Product Council
As significant new features emerge from research and development projects in Sakai they can be incorporated into an official Sakai release. In May 2009 the Sakai Foundation established the first Sakai Product Council to help structure the process of these new capabilities emerging in Sakai.
Sakai Product Council Charge
The Sakai Product Council will act on behalf of the broad Sakai community to ensure the exceptional quality and cohesiveness of Sakai product releases in their support of varied teaching, research and collaboration needs. It does this formally by determining those projects which will go into a release, and informally by advising projects as they progress from R&D to production-ready maturity. The Product Council will undertake its work:
- by employing the expertise of its members
- through direct consultation with experts in the community
- with reference to best practices for technology, pedagogy and standards
- by establishing and communicating clear and objective criteria
- with a transparent process that allows review and comment from the community
Product Council Members
Nate Angell -- Nate works with clients in education and open source communities for rSmart, a Sakai Commercial Affiliate. Nate previously led web communications at Portland State University and at the Oregon Museum of Science & Industry. Nate holds an MA in film, television, and digital media studies from Brown University.
Noah Botimer -- Noah is the ePortfolio Technical Lead for the University of Michigan. He is an open source and open education advocate. Before joining Michigan, Noah helped establish a campus-wide Sakai course and ePortfolio environment at Saginaw Valley State University.

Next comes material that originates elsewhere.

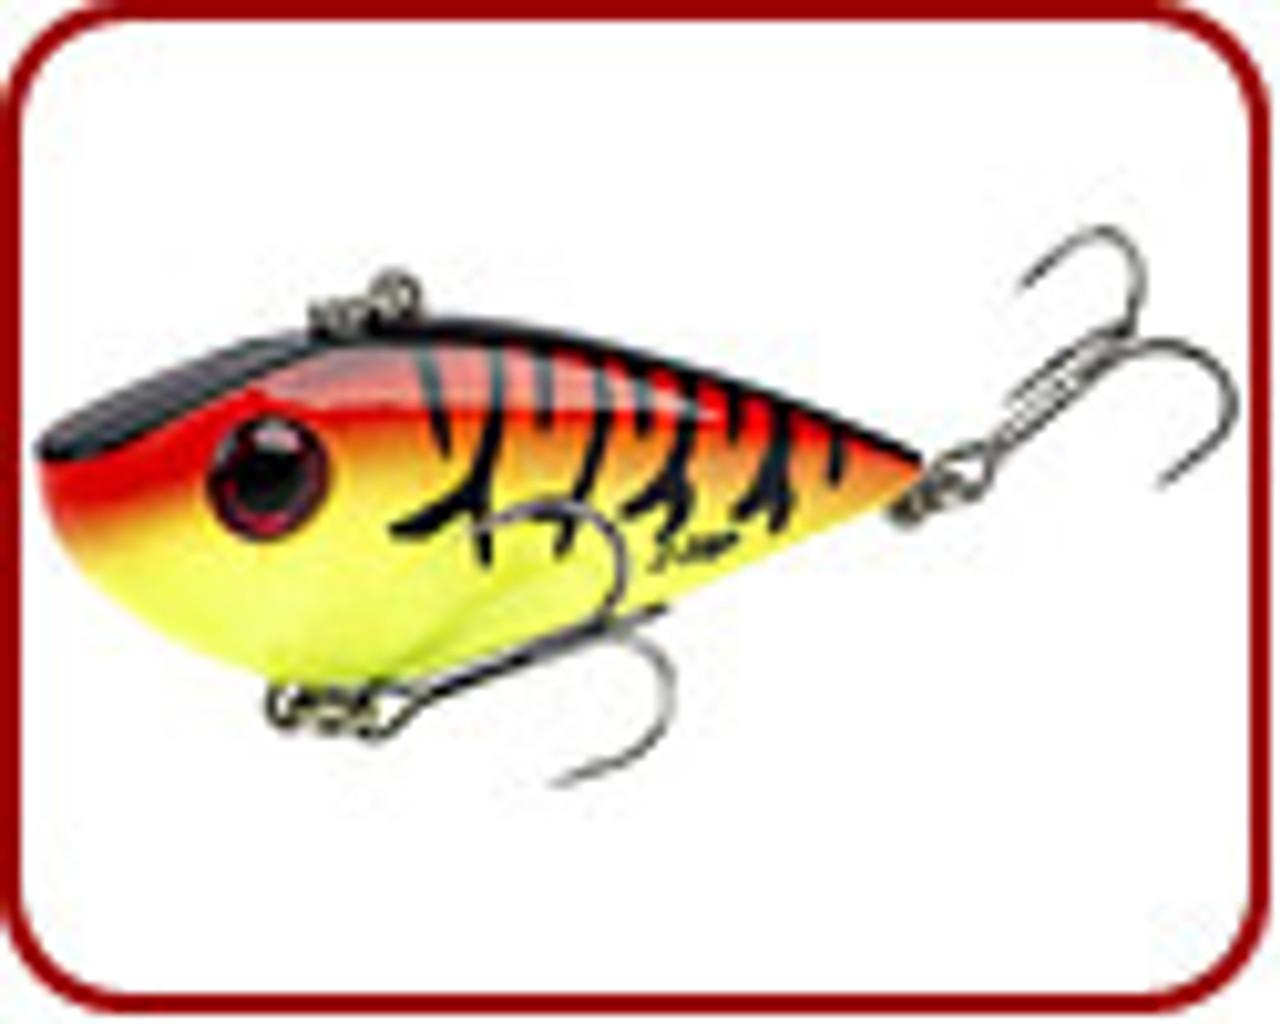 Pick Strike King Red Eye Shad Lipless Crankbait 3in 3//4oz
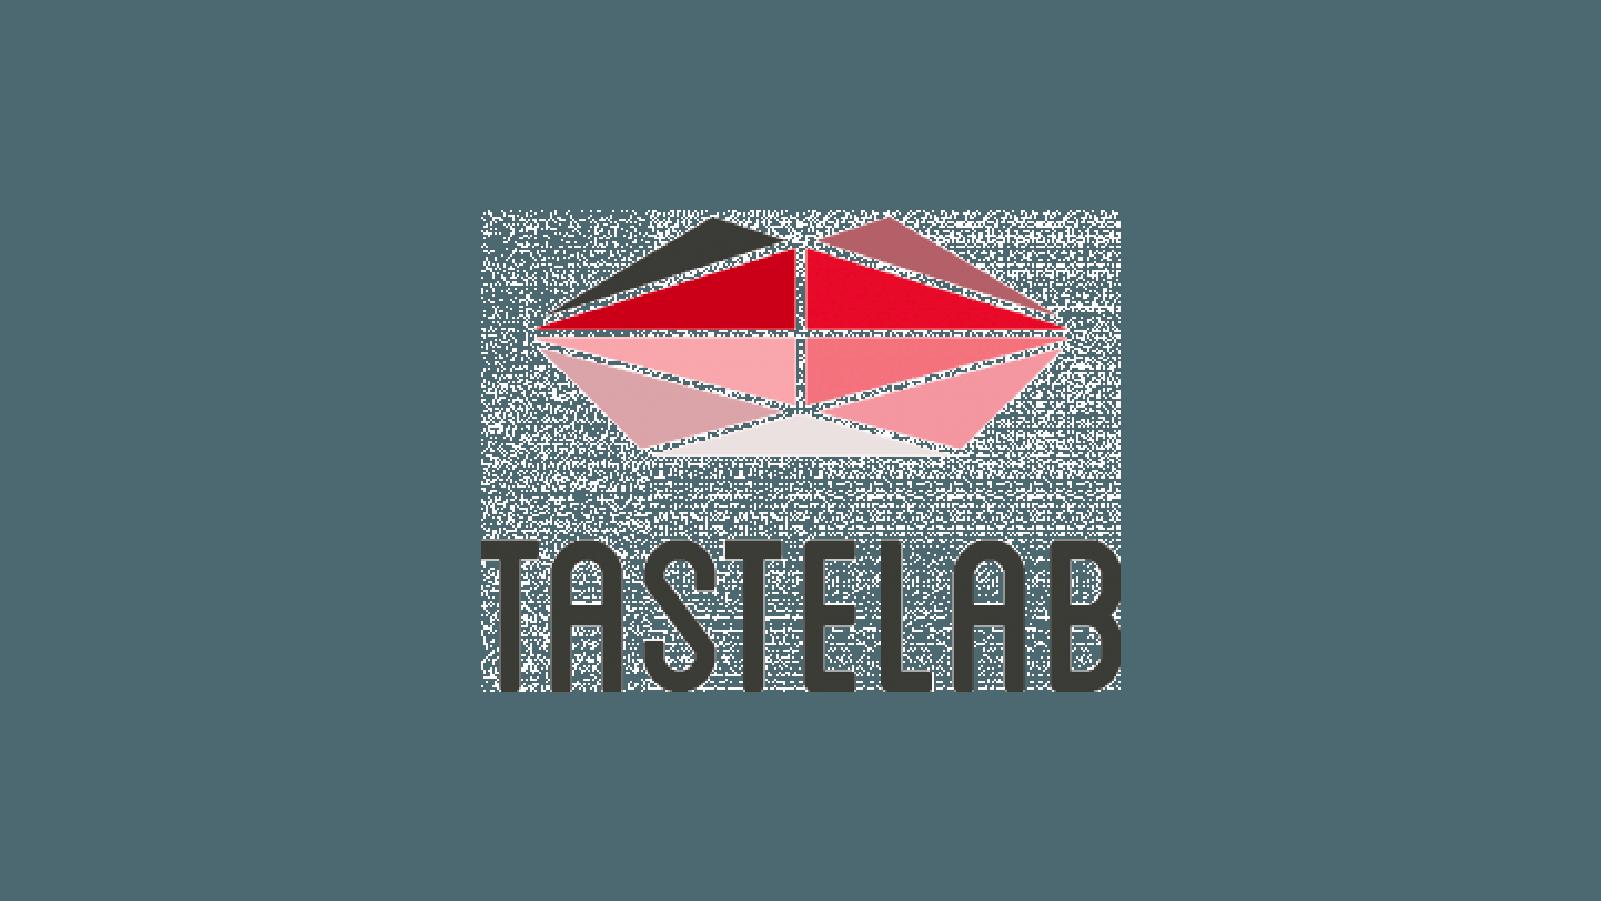 Tastelab logo

Eli Cochran -- Eli joined UC Berkeley and the Sakai community two years ago as a user experience designer and Javascript programmer on the Fluid project. After more than twenty years experience in interface design and development, Eli feels that successful systems must be more than understandable and usable, they must also be beautiful and fun.
Michael Feldstein -- Michael is Principal Product Manager, Academic Enterprise Solutions at Oracle and the author of the e-Literate weblog. He is a frequent invited speaker on instructional technology and has been interviewed about e-learning by media outlets including The Chronicle of Higher Education, the Associated Press, and U.S. News and World Report.
Clay Fenlason -- Clay is the Sakai Foundation Product Manager. He spearheaded Boston University's entry into the Sakai partnership in early 2004. Since then he has been a vocal and active member of the community at a number of levels, and was named one of the inaugural Sakai fellows in May of 2006. In late 2006 Clay joined Georgia Tech as Director of Educational Technology. Throughout, his keenest interest has been in the nature and health of the organization and the community source model for higher education.
David Goodrum -- David is Director of Academic and Faculty Services for University Information Technology Services at Indiana University. In addition he chairs the functional requirements committee as well as the support and implementation team for IU's implementation of Sakai.
John Lewis -- John is the Chief Software Architect for Unicon and a 17-year veteran of the software engineering industry. His passions include open source and agile methods. John is active in several higher education open source communities, including uPortal and Sakai, and serves on the Board of Directors of Jasig.
Stephen Marquard -- Stephen is Learning Technologies Co-ordinator in the Centre for Educational Technology at the University of Cape Town, where he leads the team responsible for the University's popular and widely-used Sakai deployment known as Vula. Stephen is a Sakai Fellow and serves on the Sakai Board of Directors.
John Norman -- John is the Director of the Centre for Applied Research in Educational Technologies and 'Head of e-Learning' at the University of Cambridge. CARET provides infrastructure and support to the campus for the use of technology in teaching, learning and research, including the deployment of Sakai campus-wide. Prior to this he had experience as an engineer and medical devices entrepreneur on 3 continents. John chairs the advisory board for OSS-Watch and is an advocate for open standards and open source software in higher education.
Max Whitney -- Max is the technical team lead for enterprise academic services in ITS at New York University and an active member in the DIY technology communities in New York. She has managed the Blackboard implementation at NYU since 2001, most recently acting as the technical lead for an enterprise upgrade impacting 110,000 users. She also led the Sakai pilot at NYU in 2007. She received her M.S. in Computer Science at NYU's Courant Institute.